Third Circuit’s Fair Notice Requirement Protects Defendants from Amended Claims Asserted After Expiration of Statute of Limitations

Affirming the statute-of-limitations-based dismissal of plaintiff Mary Glover’s claims against defendants Mark Udren and Udren Law Offices, the Third Circuit in Glover v. FDIC spoke clearly on the limits of the notice requirement under the relation-back doctrine, holding that Glover’s original pleading failed to provide fair notice of a subsequent claim in an amended complaint.

Under Federal Rule of Civil Procedure 15(c)(1)(B), an amendment relates back to the date of the original pleading where “the amendment asserts a claim or defense that arose out of the conduct, transaction, or occurrence set out—or attempted to be set out—in the original pleading.” The significance of relation back, of course, is that a plaintiff can “sidestep an otherwise-applicable statute of limitations.”

In June 2008, Glover filed a putative class action stemming from a dispute about her mortgage payments with the Udren defendants and other parties. Glover’s lawsuit alleged, among other claims, a violation of the Fair Debt Collection Practices Act (FDCPA). After twice amending her complaint, Glover’s FDCPA claim was dismissed by the Western District of Pennsylvania, which found that her first amended complaint (in which she first presented the claim at issue) was not filed within the FDCPA’s one-year statute of limitations and that the claim did not relate back to the timely filed original complaint.

On appeal, the Third Circuit explained that application of the relation-back doctrine requires a “search for a common core of operative facts in the two pleadings,” although neither “identity of transaction” nor “factual overlap alone” is the correct test. The Third Circuit further explained that the “touchstone for relation back is fair notice” because “a party who has been notified of litigation concerning a particular occurrence has been given all the notice that statutes of limitations were intended to provide.” Thus, relation back is appropriate where the amendment merely describes the original claim with more particularity or broadens the relevant factual allegations. Relation back is not appropriate, however, where the original complaint has not “adequately notified the defendants of the basis for liability the plaintiffs would later advance in the amended complaint.”

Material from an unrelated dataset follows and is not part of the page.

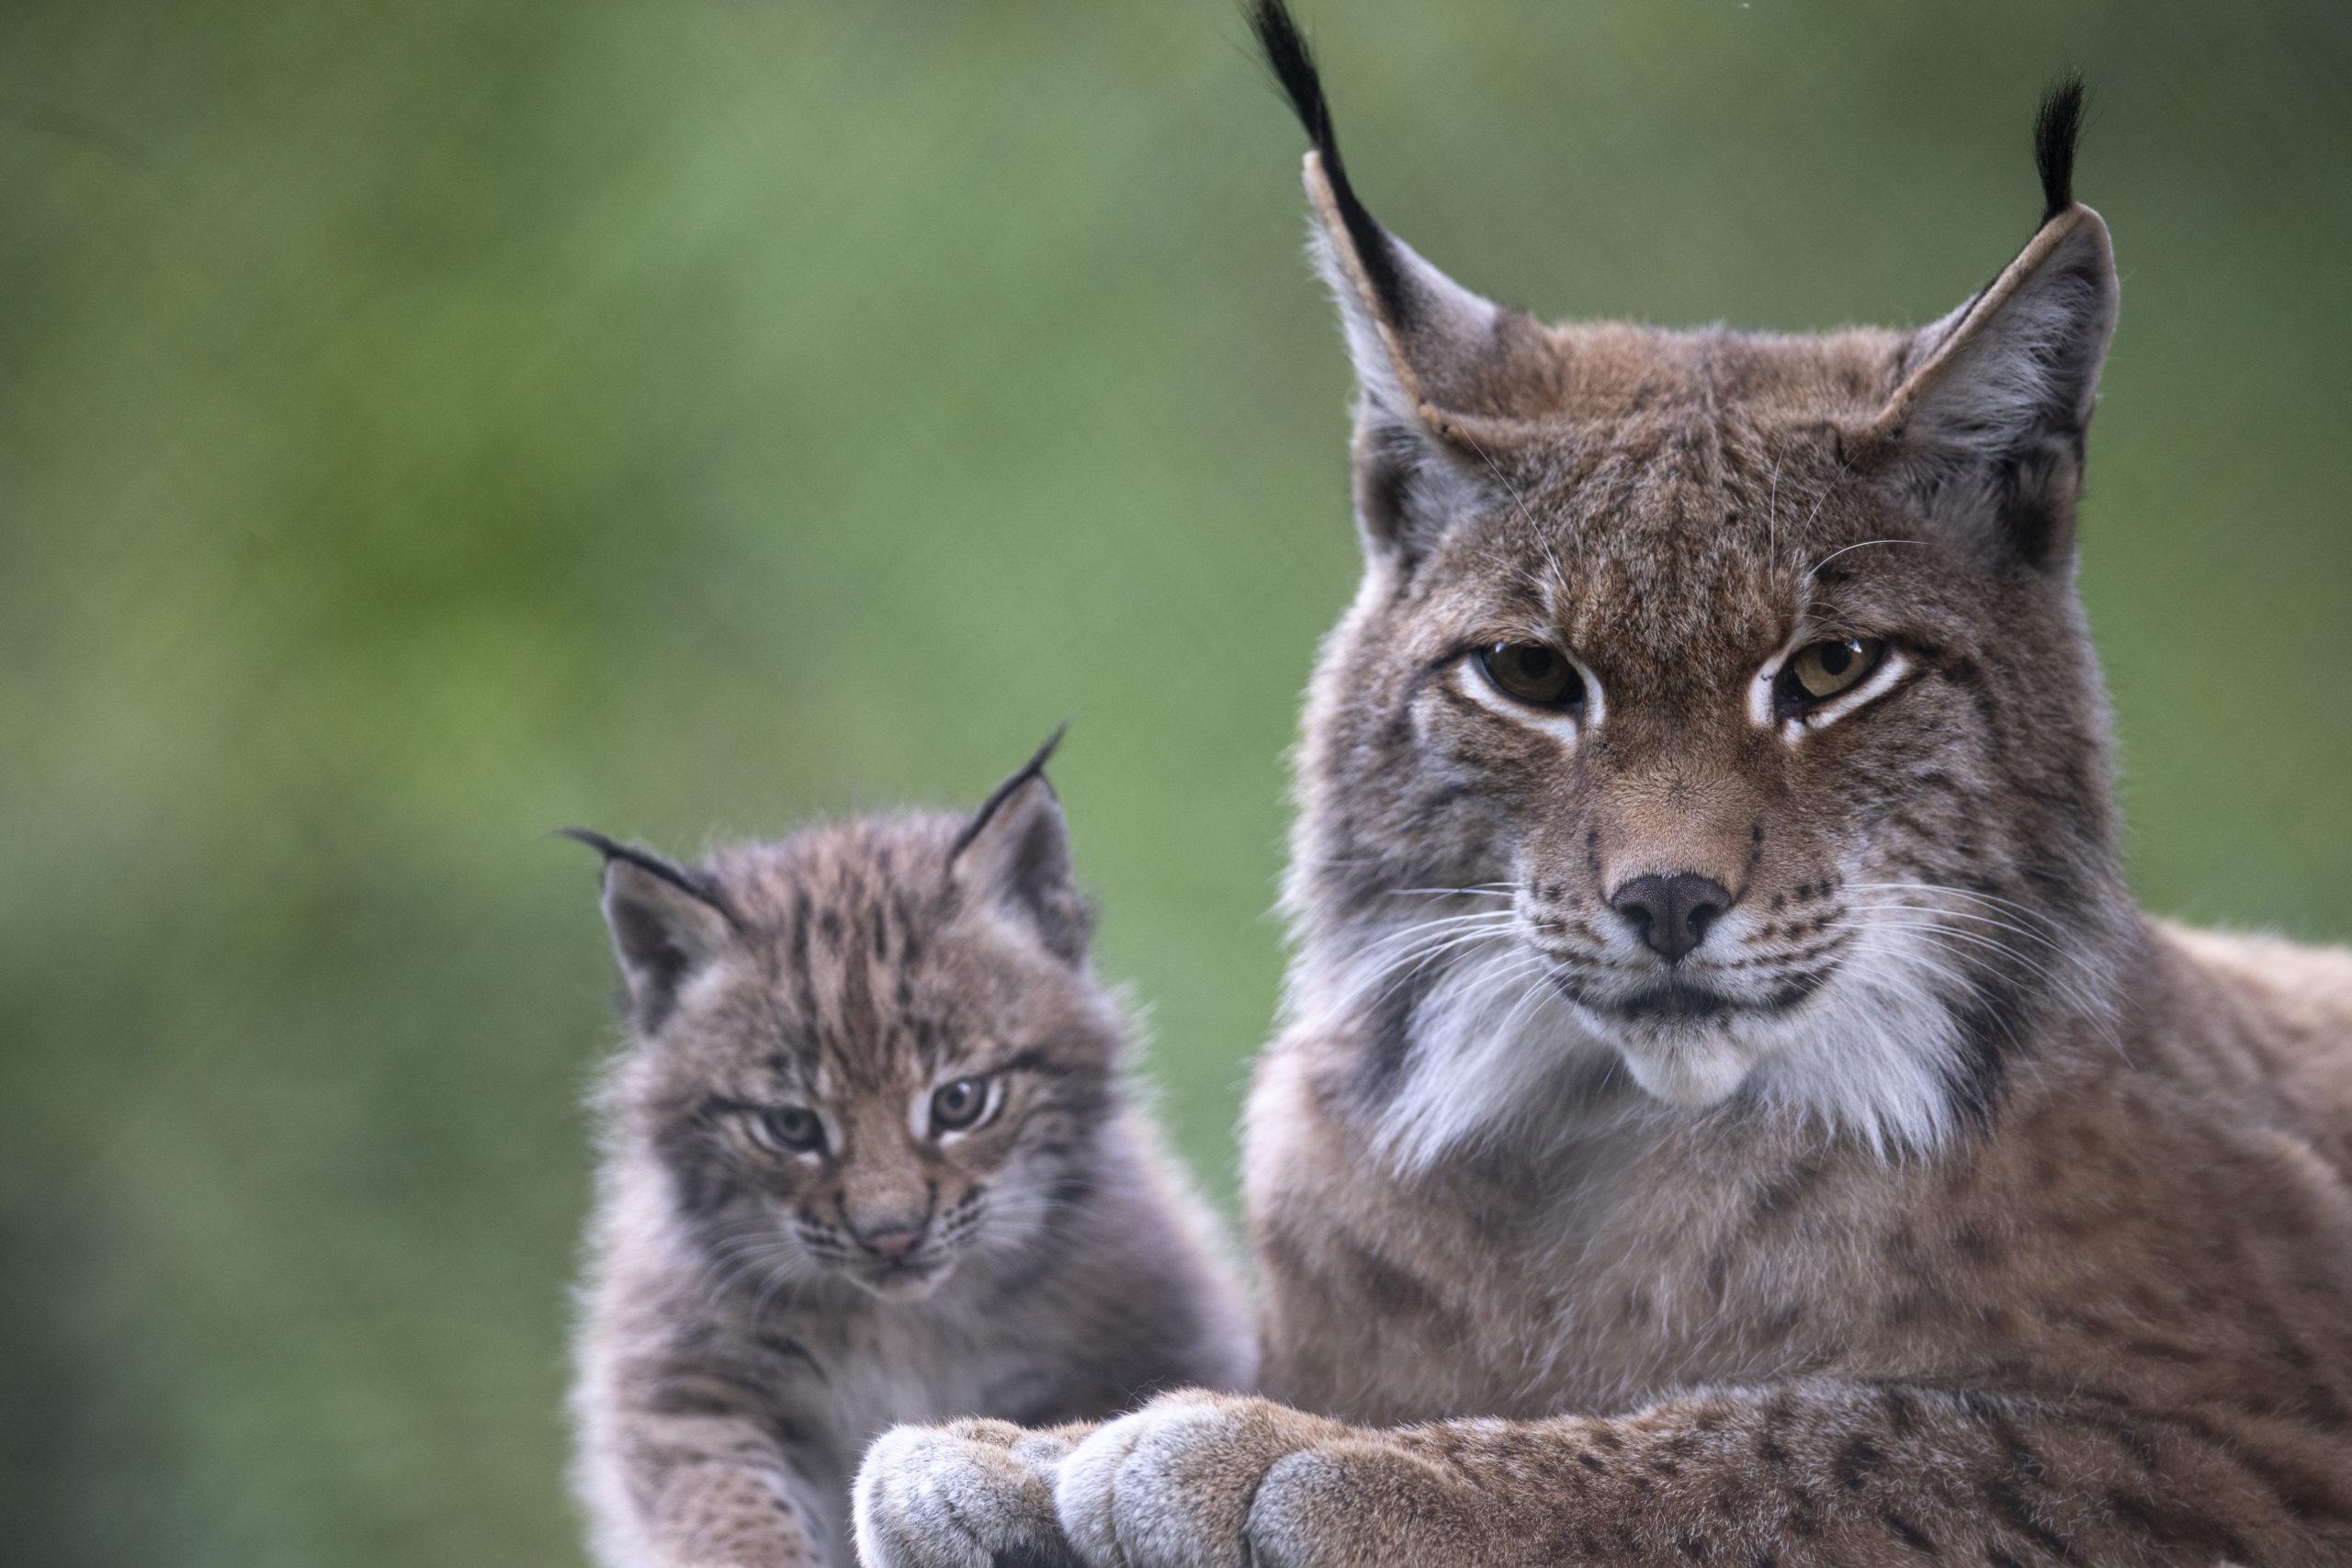 c Daniel Schwab - Naturfotografie Besuchermagneten im Wildpark.

With respect to Glover, the Third Circuit noted that her amended FDCPA claim alleged that the Udren defendants improperly failed to withdraw a foreclosure complaint against Glover after she had signed a loan modification agreement, thereby rendering the foreclosure complaint a continuing representation that she had not yet paid her mortgage debt. The Third Circuit found that her original complaint, however, alleged no such conduct. While the original complaint alleged that the Udren defendants made a debt-collection phone call and filed a foreclosure complaint, the Court found that both of those acts would constitute FDCPA violations that differed in “time and type” from the amended claim.

Furthermore, although one paragraph of the original complaint alleged “almost as an afterthought” that two of the Udren defendants’ co-defendants had not withdrawn the foreclosure complaint, the Third Circuit found that those facts were “entirely peripheral” to the complaint’s central allegations. Thus, the Court refused to “place the onus on the defendant to piece together the disparate fragments of a disjointed complaint to distill the essence of a claim.”

While notice for purposes of the relation-back doctrine always will be a fact-dependent, case-by-case inquiry, the Glover decision gives some shape to the outer limits of the notice requirement, providing defendants with an additional layer of protection against amended complaints.